Is this the correct usage of an Operation Queue completion block?

Jeremy Mullin picture Jeremy Mullin · May 24, 2011 · Viewed 7.3k times · Source

I'm using Objective-C blocks and Operation Queues for the first time. I'm loading some remote data while the main UI shows a spinner. I'm using a completion block to tell the table to reload its data. As the documentation mentions, the completion block does not run on the main thread, so the table reloads the data but doesn't repaint the view until you do something on the main thread like drag the table.

The solution I'm using now is a dispatch queue, is this the "best" way to refresh the UI from a completion block?

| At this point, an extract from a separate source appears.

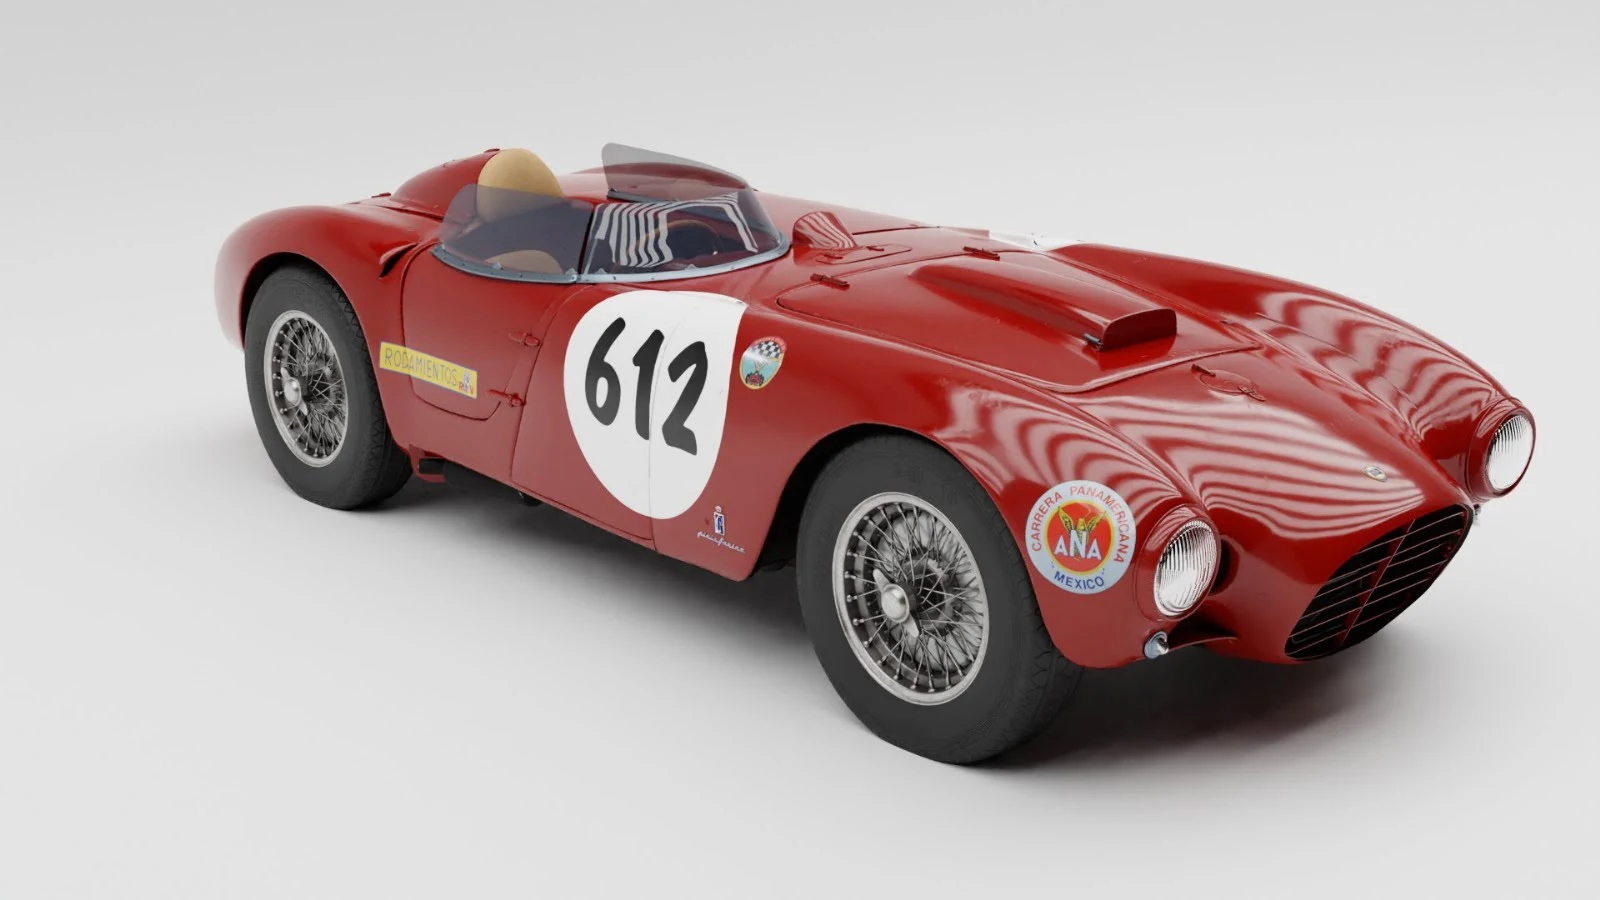 MAUTO and Roarington: one more big news. The digital twin of the Lancia D24 has arrived. Not to be missed. image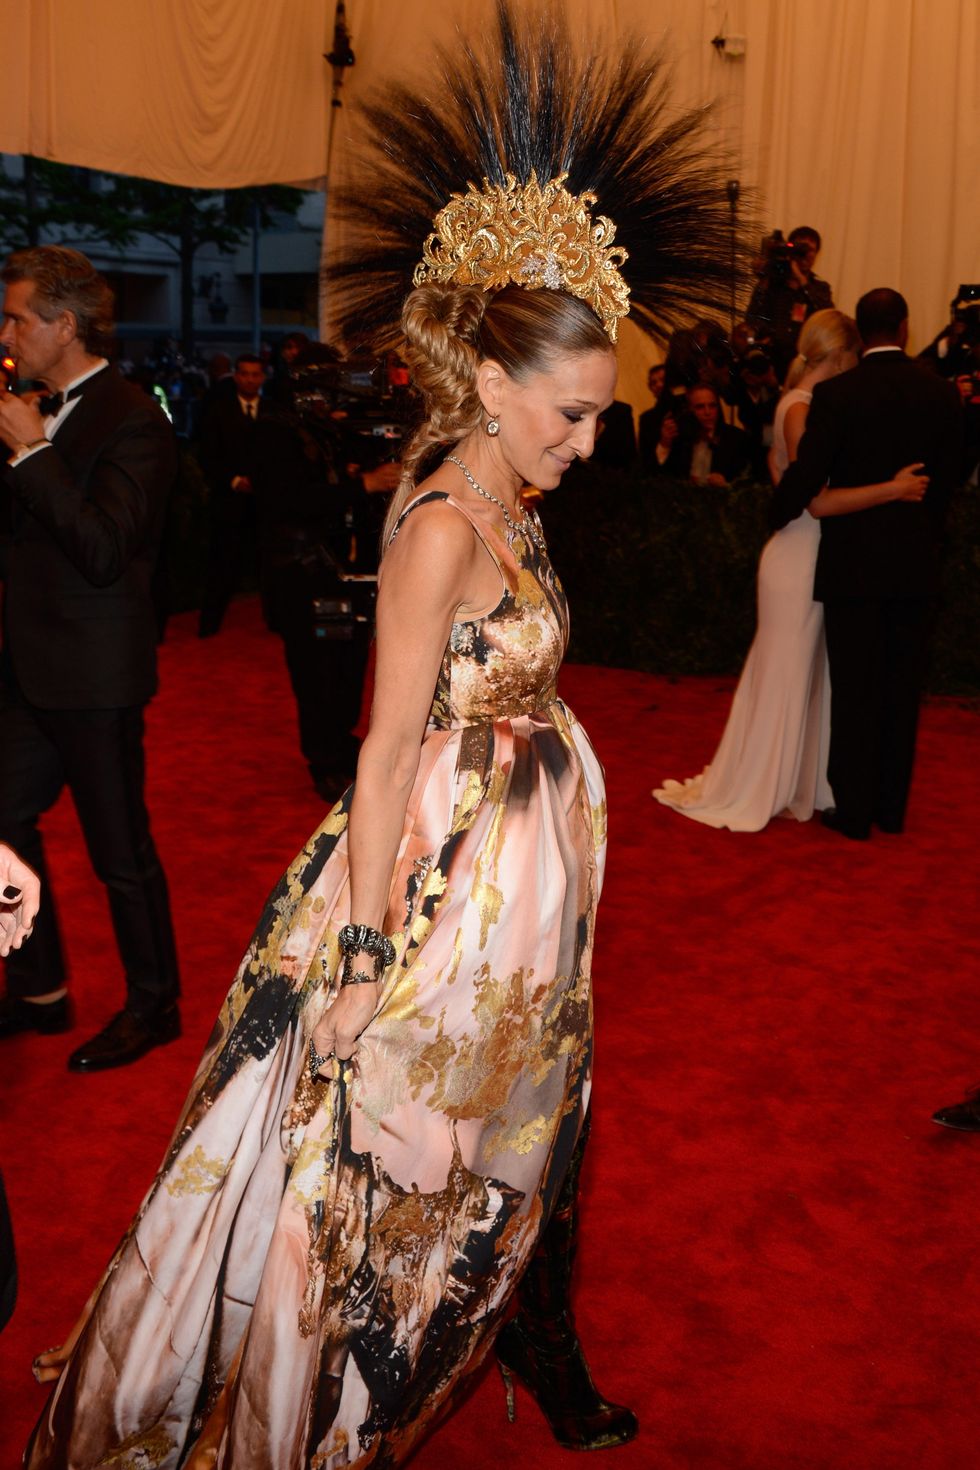 42 Craziest Met Gala Dresses of All Time - Outrageous Met Gala Red

    // define our block that will execute when the task is finished
    void (^jobFinished)(void) = ^{
        // We need the view to be reloaded by the main thread
        dispatch_async(dispatch_get_main_queue(),^{
            [self.tableView reloadData];
        });
    };

    // create the async job
    NSBlockOperation *job = [NSBlockOperation blockOperationWithBlock:getTasks];
    [job setCompletionBlock:jobFinished];

    // put it in the queue for execution
    [_jobQueue addOperation:job];

Update Per @gcamp's suggestion, the completion block now uses the main operation queue instead of GCD:

// define our block that will execute when the task is finished
void (^jobFinished)(void) = ^{
    // We need the view to be reloaded by the main thread
    [[NSOperationQueue mainQueue] addOperationWithBlock:^{ [self.tableView reloadData]; }];
};

Answer

gcamp picture gcamp · May 24, 2011

That's exactly it. You can also use [NSOperationQueue mainQueue] if you want to use an operation queue instead of GCD for your completion block.